When is it Worth Giving Up Your Data? Americans Aren’t Quite Sure.
By: Andrea Peterson and Hayley Tsukayama (The Washington Post) January 2016
Would you trade information about when you’re in your house — and in what rooms — for the promise of cheaper energy bills, even if that means you’re sending this data to a distant tech company?
That’s one of the hypotheticals laid out in a new report from Pew Research Center, which found that more than half of the 461 adults it surveyed couldn’t stomach the idea.
But thermostats that collect data on you aren’t a hypothetical. In fact, they’re quickly becoming the standard: By 2017, market research firm Parks Associates estimates more than half of the thermostats sold in the United States will be “smart.” And one of the biggest players in the market is Nest, which is offered by Google parent-company Alphabet that makes much of its revenue by tracking our behavior and selling us targeted ads.
So why the disconnect between the rise of smart thermostats and Americans’ apparent distrust of the data that makes them work better? Part of the answer may be that consumers don’t fully understand what they’re giving up when they pick up that shiny new device.
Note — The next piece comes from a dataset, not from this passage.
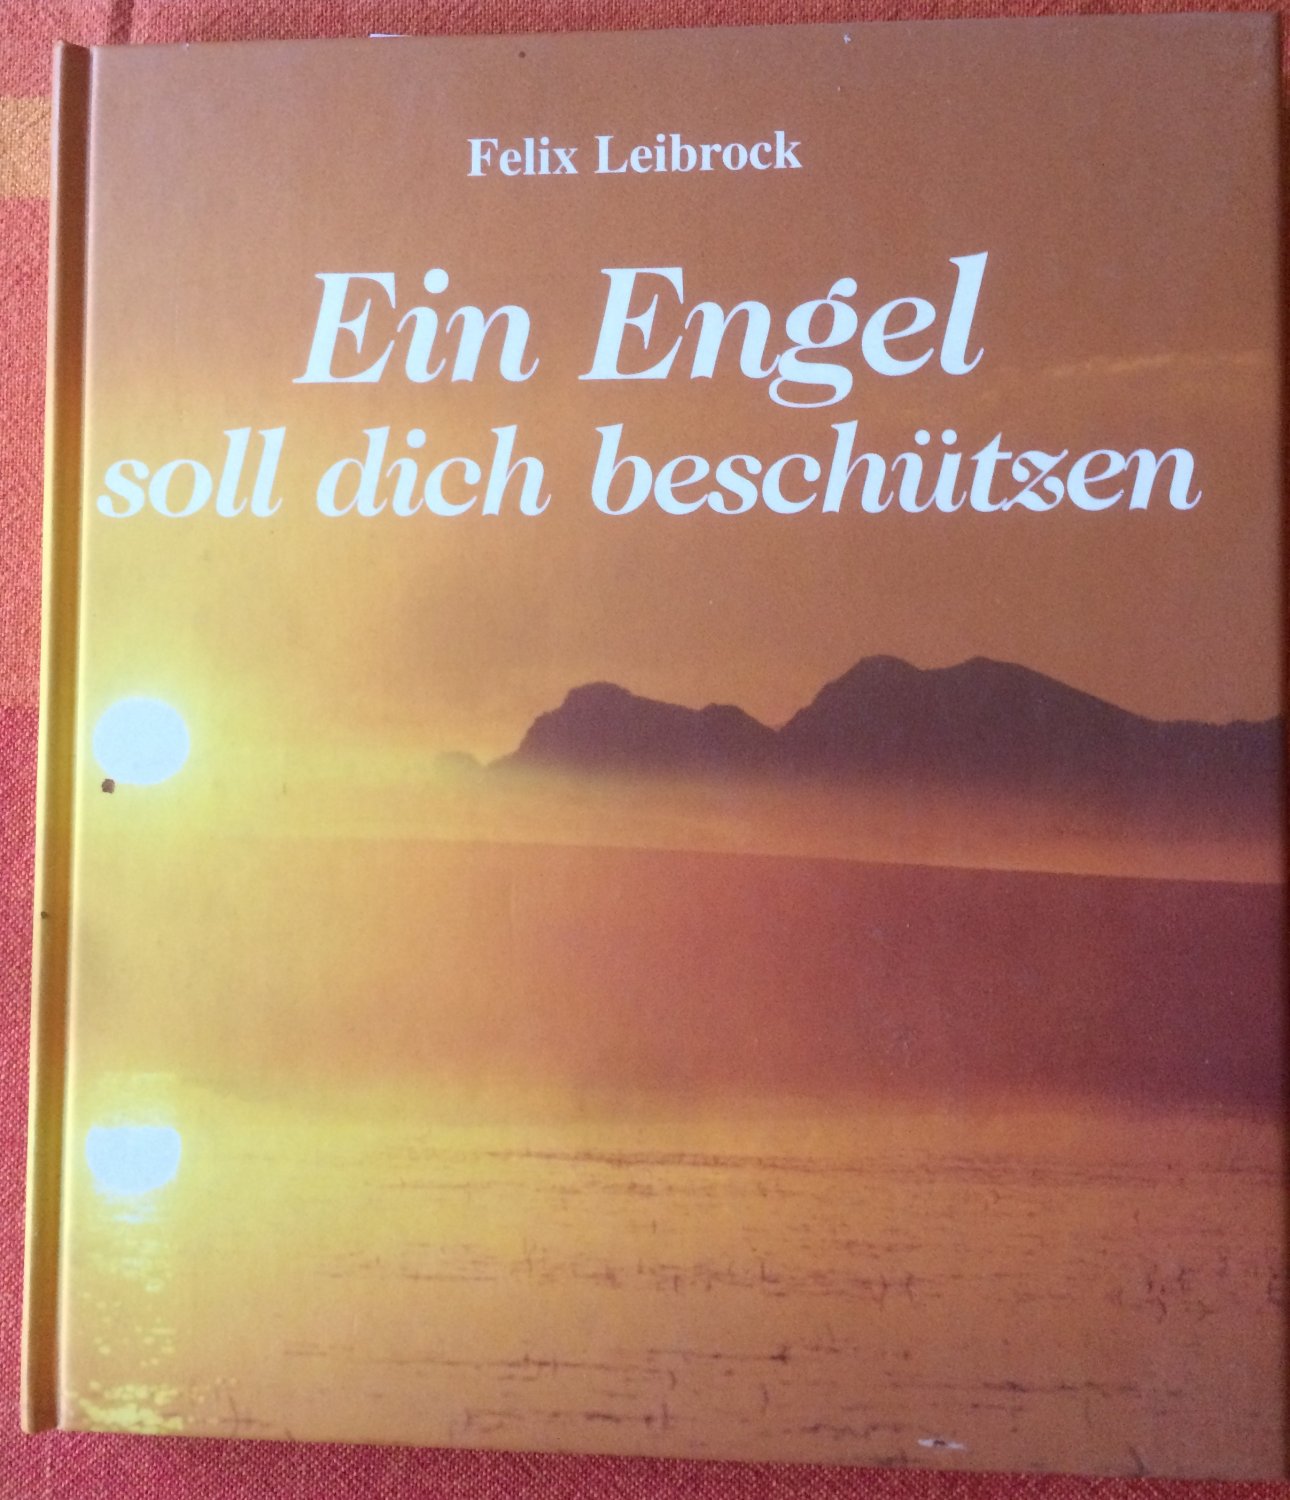 Ein Engel soll dich beschützen“ (Felix Leibrock) – Buch gebraucht kaufen –  A02zyotZ01ZZq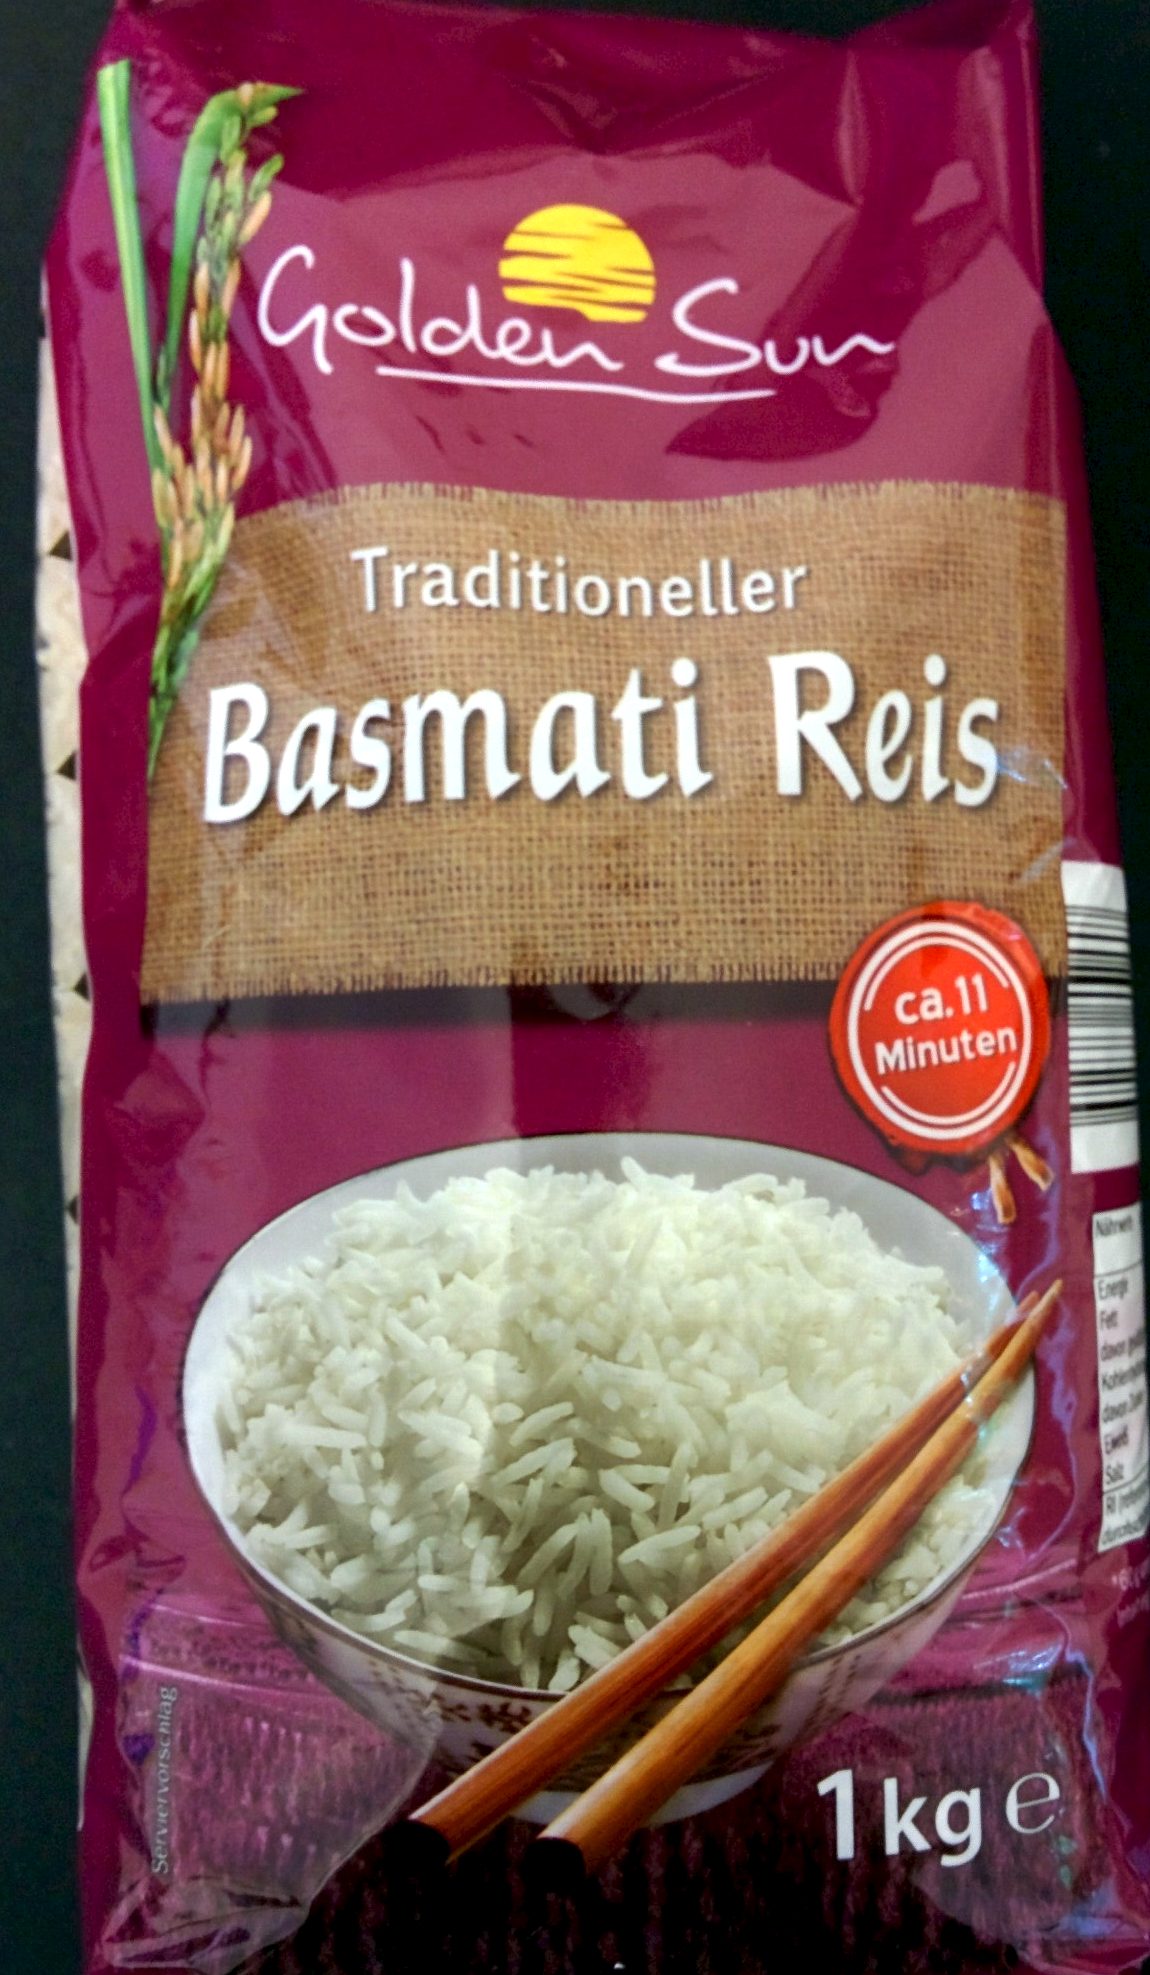 Traditioneller Basmati Reis - Prodotto - de

“Modern life is really a life of almost ceaseless transactions like this,” said Lee Rainie, the lead author of the report. These little tradeoffs can happen with almost every click you make online, when you use your smartphone, or even when you get on a bus.
Often, the benefits to giving up personal information are obvious: Cheaper energy bills or a convenient way to swipe into a transit system. The potential pitfalls can be more abstract. For example, it’s hard to tell what the consequences could be down the road if a company is tracking your web browsing today.
Still, consumers appear both aware and wary of the way their data may someday be used against them. “There’s a very strong sense that people don’t know the details of [these deals] and that makes them unnerved,” Rainie said.
In its latest report, Pew laid out a handful of different situations to help understand how people judge these trade-offs. Their answers suggest that Americans do not view the tracking of personal information as an all-or-nothing proposal.
Most respondents had little appetite for car insurance companies offering a discount to drivers who agreed to let the insurer track their precise speed and location. Forty-five percent of those surveyed found that deal unacceptable, versus 37 percent who thought it was fine.
Just like the smart thermostats, this is something that’s already happening: Firms such as Progressive and Liberty Mutual have programs that ask people to give up detailed information about their driving habits in exchange for a discount.
Focus group responses received by Pew indicate that the insurance and thermostat scenarios hit respondents close to home.
“They don’t like the idea of places that used to seem very private, like their homes or their cars, being monitored,” he said. And because these are practices already commonplace, respondents may have already had to think through the implications.
Indeed, a recent Accenture study of 28,000 consumers in 28 countries found that security and privacy concerns are among the top reasons why people did not buy smart home and wearable products. Nearly half of respondents, 47 percent, cited this concern.
And many don’t trust that companies can protect the information they gather. Of those who would buy smart devices, nearly a quarter of people told Accenture that concerns about security breaches delayed their plans to do so. Eighteen percent said this worry prompted them to stop using smart devices altogether.
“When it comes to privacy and security issues, mainstream awareness has increased dramatically over the past 12-18 months,” said John Curran, global managing director at Accenture. “People are more generally aware that it’s something they should be thinking about.”
On the other hand, Pew posed a scenario that elicited a different response. The research group asked, if someone was stealing personal belongings from your workplace, would it be ok if the company installed a camera system with facial recognition technology to catch the thief — even if the company could hang onto the the footage for as long as it wanted and the feeds could also be used to track employee attendance and performance?
By a two-to-one margin, 54 percent to 24 percent, people said that arrangement was acceptable.
The focus groups suggested some respondents may have been driven by thoughts about who ultimately gets to make the final call in that scenario, not the actual privacy stakes. “There was one strain of thought that really said the workplace belongs to the boss — so it’s their domain and I don’t always get to assert the control I’d like,” Rainie said.
But, he added, even among those who were upset by the “big brother” aspect of the situation, few brought up concerns about the use of facial recognition technology, which has raised serious alarm bells for some privacy experts.
While systems that rely on facial recognition technology are quietly being rolled out to do things like help retailers identify shoplifters, it’s “unlikely” people understand their full implications at this point, said Alvaro Bedoya, the executive director of Georgetown law school’s Center on Privacy and Technology. “Once someone has the ability to trace you by your face it erases a lot of the anonymity you have on and offline.”
Previous Pew surveys have found that very few people feel they have a lot of control over how data about them is collected or used. And in this latest report, the organization noted that focus groups were “much more likely to speak of the darker side of personal information tradeoffs” than their benefits.
“I really think that the next generation will not even understand the value of privacy,” one participant said. “Privacy will be a thing of the past.”